Who Audits the Auditors? Inside the AICPA Peer Review Records of 261 SOC 2 Firms

  • March 26, 2026
Author

Marc Rubbinaccio

Head of Cybersecurity & Compliance

Reviewer

Emily Bonnie

Senior Content Marketing Manager

SOC 2 reports are the standard for demonstrating security maturity to enterprise buyers. But the firms issuing those reports are themselves subject to quality review. 

We scraped 24,041 AICPA peer review records, identified 261 confirmed SOC 2 audit firms, and cross-referenced their quality records to better understand how these firms are held accountable to upholding the highest standards of quality and integrity. Here’s what we learned.

What the AICPA peer review program is and why SOC 2 auditor credibility matters

SOC 2 (Service Organization Control 2) reports are attestation engagements that evaluate an organization's controls against the Trust Services Criteria for security, availability, processing integrity, confidentiality, and privacy.
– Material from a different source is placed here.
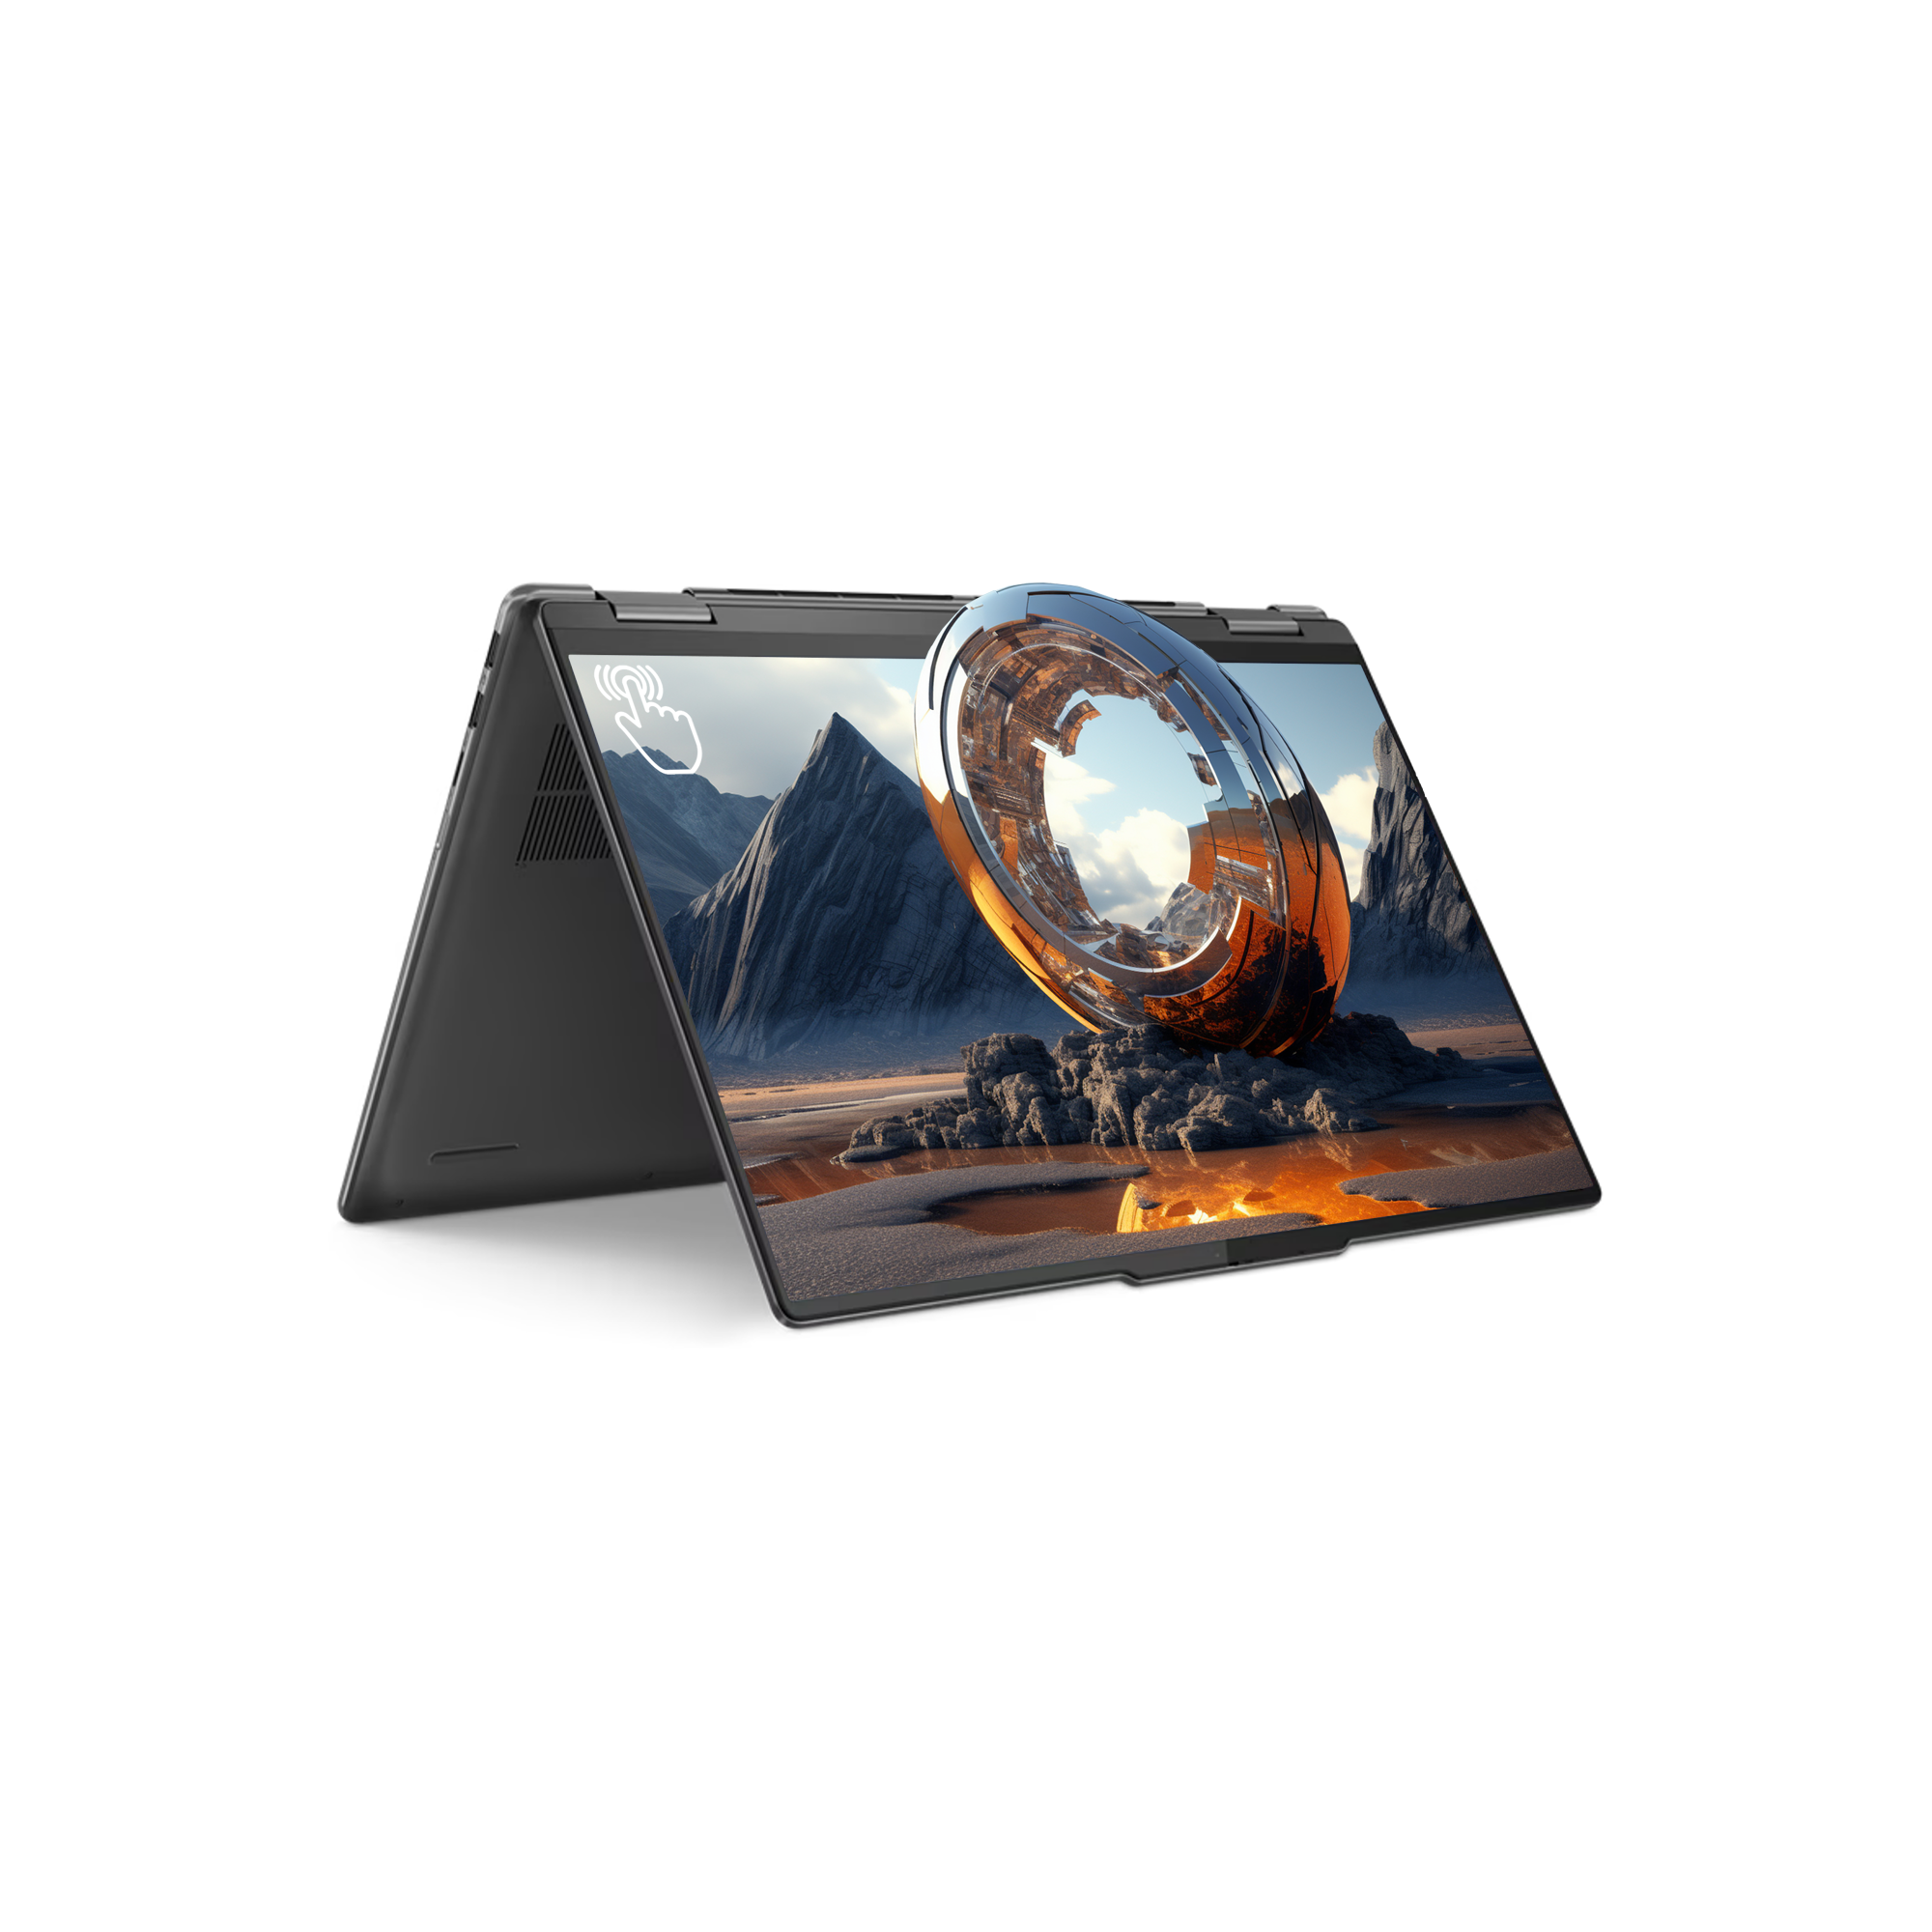 Yoga 7i 16″ 2 in 1 Touchscreen Laptops

Only licensed CPA firms can issue SOC 2 reports

SOC 2 engagements are required to be examinations and are subject to a System Review. System Review is the more rigorous of the two peer review types. Unlike Engagement Reviews, System Reviews involve evaluating the firm's entire quality control system, not just individual engagements.

Enterprise buyers routinely require SOC 2 reports before signing contracts, making the auditor's credibility directly relevant to deal velocity, procurement decisions, and trust. 

A SOC 2 report is only as credible as the firm that issues it. If the auditing firm itself has quality control problems, the assurance it provides is weakened. Peer review is the mechanism designed to catch those problems, and the public record is the tool buyers can use to verify.

Recommended Reading

A Real-World SOC 2 Report Example Explained [+ Free PDF Download]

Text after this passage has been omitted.